THE IDEAS AND ARGUMENTS IN THIS BOOK WOULD NOT HAVE COME together in the form of a monograph were it not for the support and encouragement of a number of institutions and individuals. My thanks to the British Academy for the award of a Postdoctoral Research Fellowship that enabled me to pursue the project in film theory and philosophy that evolved into the present book, and to the University of Edinburgh for hosting the Fellowship. I would like to thank past and present colleagues within the Film Studies Program at Edinburgh for their support of my interdisciplinary research, as well as for their helpful suggestions with respect to this book, especially Martine Beugnet, the late John Orr, Kriss Ravetto-Biagioli, and David Sorfa. For assistance and encouragement along the way (or earlier) many thanks to Ian Christie, Bill Germano, Andrew Klevan, Jane Sillars, Susan Kemp, Laura Marcus, David Martin-Jones, Annette Davison, Julian Kilverstein, Ben Winters, David N. Rodowick, Raymond Bellour, Christa Blümlinger, Dudley Andrew, Andrew Ward (and other past and present members of the Philosophy Department at the University of York), Tony McKibbin, Mark Cousins, Chris Fujiwara, Jason Gaiger, and Robert Sinnerbrink.

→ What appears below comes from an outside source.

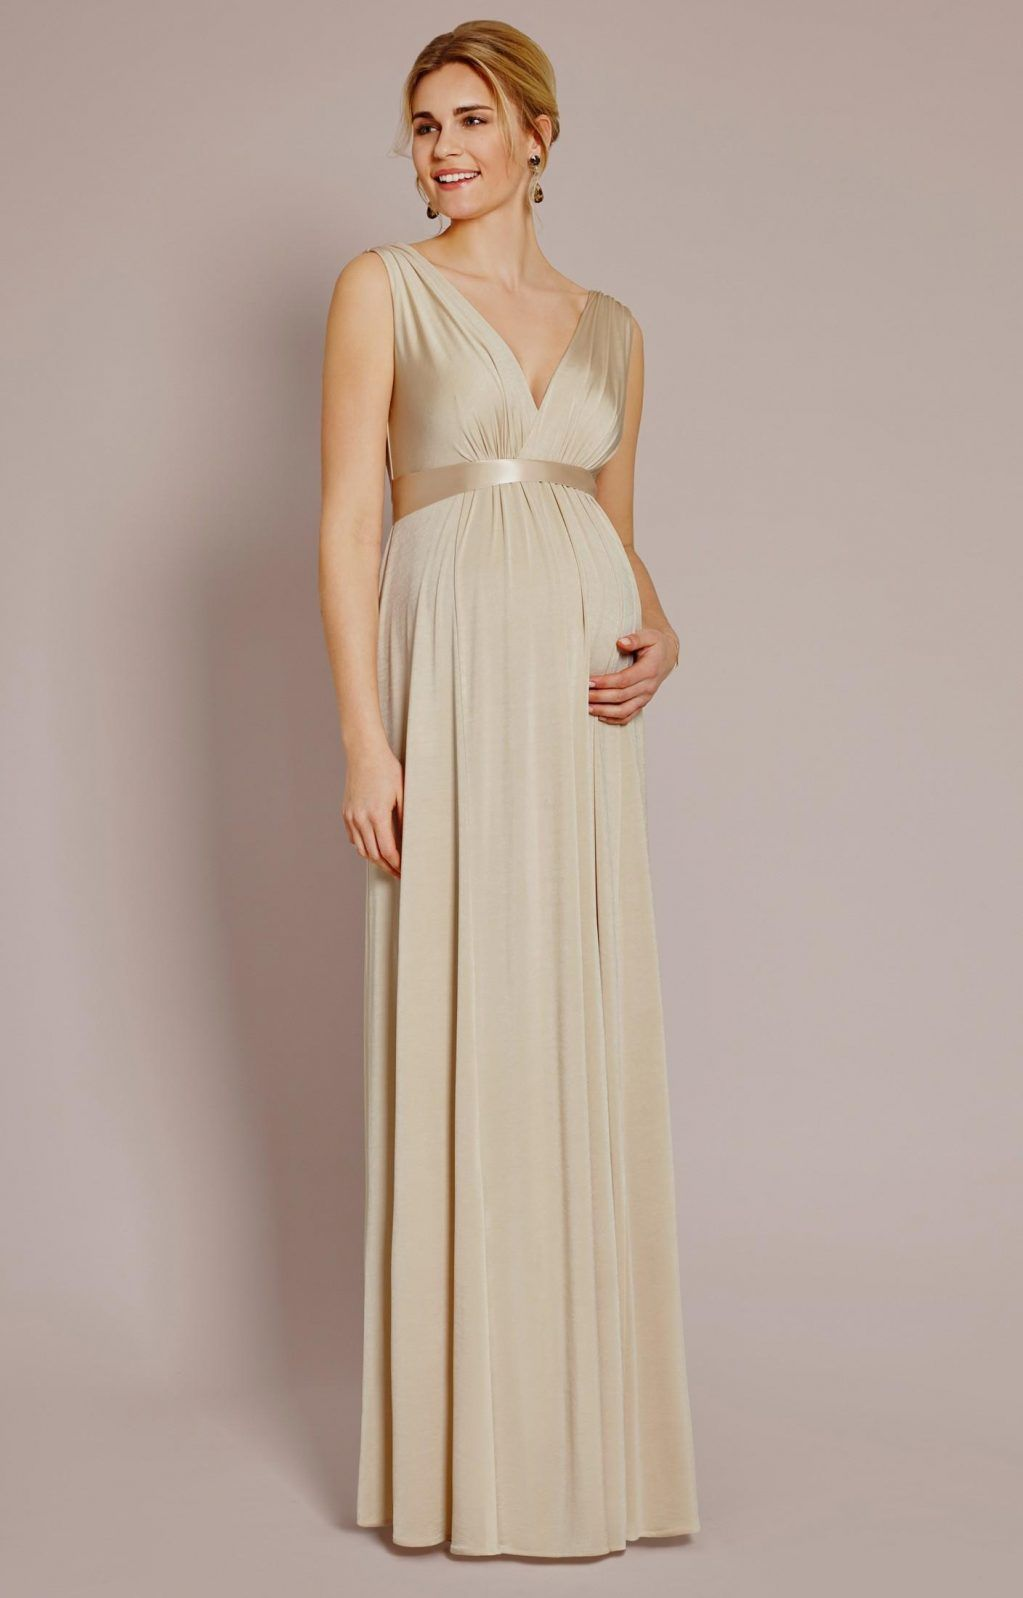 cbdabe32b148 wedding  Long Creamaternity Dress Naf Dresses Bridesmaid From Uk Designer  Tiffany Roseaxi For Wedding Guest Black Petite  Maxi Dress For Wedding Guest

Thanks also to my manuscript editor, Joe Abbott, my production editor Roy Thomas, and, especially, Wendy Lochner, my editor at Columbia University Press, for her great patience and expert advice. I owe a special debt of gratitude to the wonderful teachers at Connecticut College who first opened my intellectual horizons to many of the worlds of films and philosophy explored in these pages; my thanks, especially, to the Philosophy Department and to its members Kristin Pfefferkorn-Forbath, J. Melvin Woody, Marijan Despalatovic, and the late Lester J. Reiss. Finally, I wish to reserve special acknowledgment for my parents and for Kathrin. Their support has made this and so much else possible, and this book is dedicated to them.